# Ctrl-World setup (vidgen clone)

## Done for you

- **Repo:** Cloned to `/data/cameron/vidgen/Ctrl-World`
- **Conda env:** `ctrl-world` (Python 3.11, `pip install -r requirements.txt`)
- **Checkpoints** (in `Ctrl-World/checkpoints/`):
  - `stable-video-diffusion-img2vid` – SVD
  - `clip-vit-base-patch32` – CLIP
  - `ctrl-world/checkpoint-10000.pt` – Ctrl-World DROID ckpt

## Run minimal replay (bundled droid_subset)

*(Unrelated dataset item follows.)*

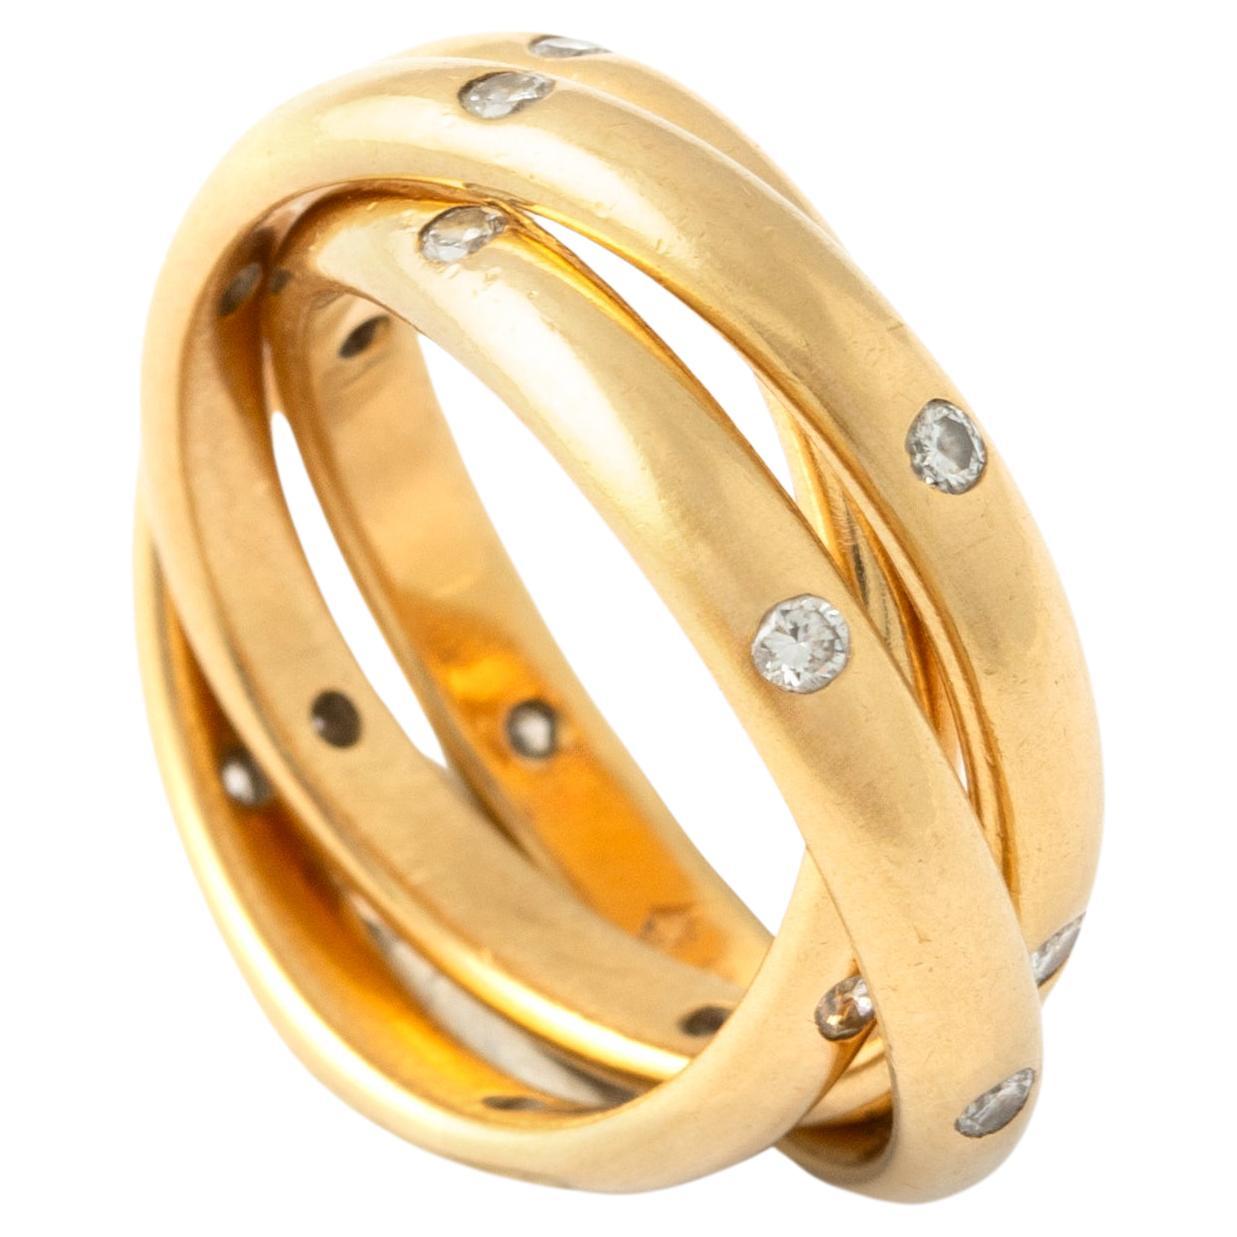 Cartier, bague Trinity en or 18 carats avec constellation de diamants

Activate env and run on a **free GPU** (needs ~12GB+ free):

```bash
cd /data/cameron/vidgen/Ctrl-World
conda activate ctrl-world

# Use a GPU with enough free memory (e.g. 7 if 0/9 are busy)
export CUDA_VISIBLE_DEVICES=7
bash run_replay_example.sh
```

Or call the script directly:

```bash
CUDA_VISIBLE_DEVICES=7 python scripts/rollout_replay_traj.py \
  --dataset_root_path dataset_example \
  --dataset_meta_info_path dataset_meta_info \
  --dataset_names droid_subset \
  --data_stat_path dataset_meta_info/droid_subset/stat.json \
  --svd_model_path "$(pwd)/checkpoints/stable-video-diffusion-img2vid" \
  --clip_model_path "$(pwd)/checkpoints/clip-vit-base-patch32" \
  --ckpt_path "$(pwd)/checkpoints/ctrl-world/checkpoint-10000.pt"
```

Output videos are written under `synthetic_traj/Rollouts_replay/video/`.

## Using your DROID data at `/data/weiduoyuan/droid`

Ctrl-World expects **preprocessed** data: video latents extracted with their SVD VAE, plus the same folder/annotation layout as `dataset_example/droid_subset`.

1. **Extract latents** (needs HuggingFace DROID layout: `meta/episodes.jsonl`, `data/chunk-XXX/`, `videos/chunk-XXX/.../`). If your `/data/weiduoyuan/droid` matches that layout:

   ```bash
   accelerate launch dataset_example/extract_latent.py \
     --droid_hf_path /data/weiduoyuan/droid \
     --droid_output_path /data/cameron/vidgen/Ctrl-World/dataset_example/droid_local \
     --svd_path "$(pwd)/checkpoints/stable-video-diffusion-img2vid"
   ```

2. **Build meta info:**

   ```bash
   python dataset_meta_info/create_meta_info.py \
     --droid_output_path /data/cameron/vidgen/Ctrl-World/dataset_example/droid_local \
     --dataset_name droid_local
   ```

3. **Run replay** with `--dataset_names droid_local` and `--data_stat_path dataset_meta_info/droid_local/stat.json`.

If your DROID dir has a different structure (e.g. only raw videos), you’ll need to adapt `extract_latent.py` or the dataset loader to match it.